Ag1000G phase 1 preview data release

Project: Ag1000G

Released on 21 May 2014

This page contains information about the phase 1 preview data release from the Anopheles gambiae 1000 Genomes project. This data release comprises variant calls on 103 samples collected in Uganda.

Any use of Project data is subject to the Terms of Use.


This data release comprises variant call data, available as either VCF or HDF5 format files, and other supporting data files, including a table of sample metadata.

All of the data files included in this release can be downloaded from the Wellcome Trust Sanger Institute public FTP site.

The same data files are also available from Amazon S3, see the following URL for a list of file locations:

If you are downloading files, please use the Sanger FTP site where possible. The ag1000g-eu S3 bucket is hosted in the eu-west-1 region, and so is fastest and most cost-efficient when downloading data into AWS compute resources hosted in the same region.

Known issues

2 Jun 2014
Incorrect data associated with missing calls (HDF5 only)

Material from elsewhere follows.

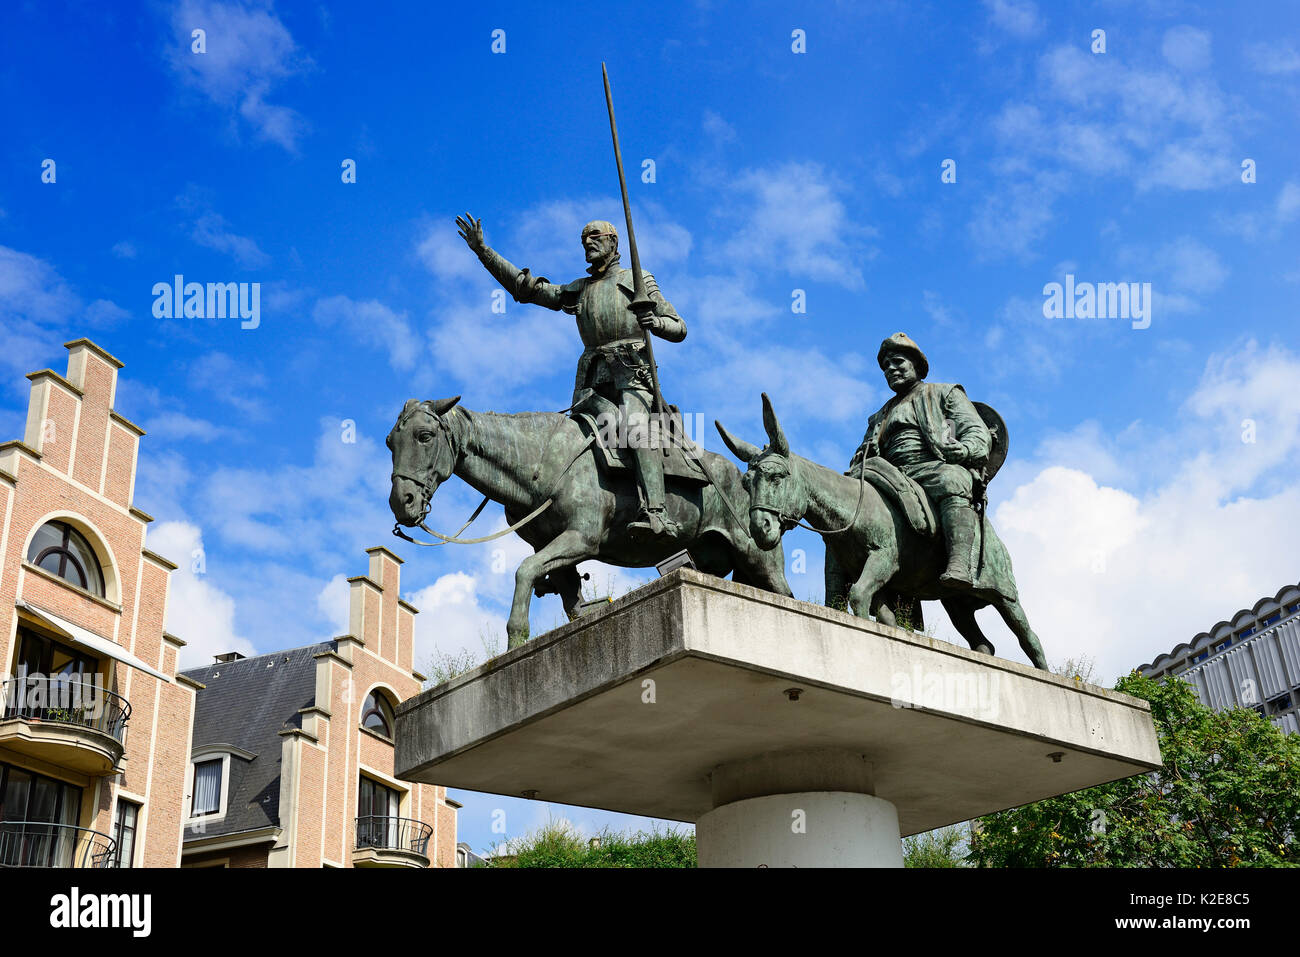 Don Quixote and Sancho Pansa Monument, Place d'Espagne, Brussels, Belgium Stock Photo
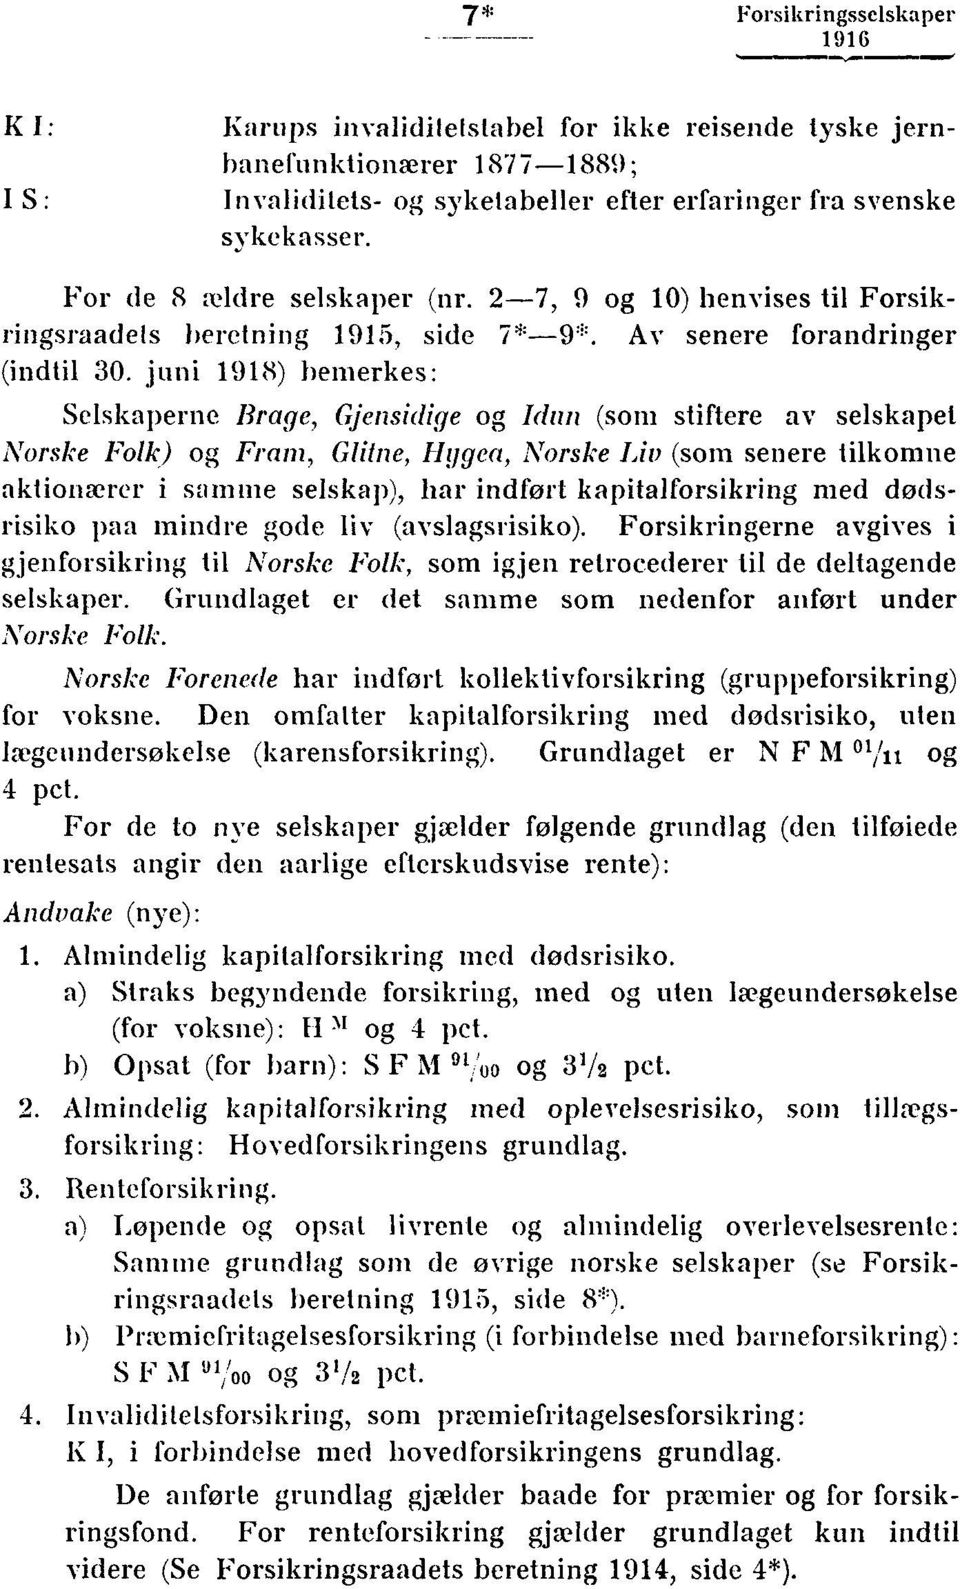 juni 1918) bemerkes: Selskaperne Brage, Gjensidige og Idnn (som stiftere av selskapet Norske Folk) og Fram, Glitne, Hygea, Norske Lit) (som senere tilkomne aktionærer i samme selskap), har indført

In the HDF5 format files. where there is a missing genotype call, other data fields (e.g., GQ, AD, DP) may have incorrect values due to a bug in the format conversion software. This applies only to missing genotype calls, otherwise the call data fields in the HDF5 format files are correct and correspond to the data in the VCF format files.

30 May 2014
Missing filters on FS, MQ, QD and ReadPosRankSum

Four of the FILTER annotations that are declared in the header of the VCF were not actually applied to the variants due to an error in the VCF processing pipeline. These FILTER annotations are:

##FILTER=<ID=FS,Description="FS > 60">

##FILTER=<ID=MQ,Description="MQ < 40">

##FILTER=<ID=QD,Description="QD < 5">

##FILTER=<ID=ReadPosRankSum,Description="ReadPosRankSum < -8">

If you use these data, it is recommended that you apply these variant filters yourself prior to any analysis. If you use GATK to apply these filters you must use JEXL expressions with the correct value type, these are all Float fields so, e.g., the correct expression for the FS filter should be "FS > 60.0".

30 May 2014
Multiallelic filter

This preview release is a subset of a larger callset which will be released in the near future. The Multiallelic filter was applied to the larger callset, and so some variants annotated in this preview release as Multiallelic will actually only have two segregating alleles.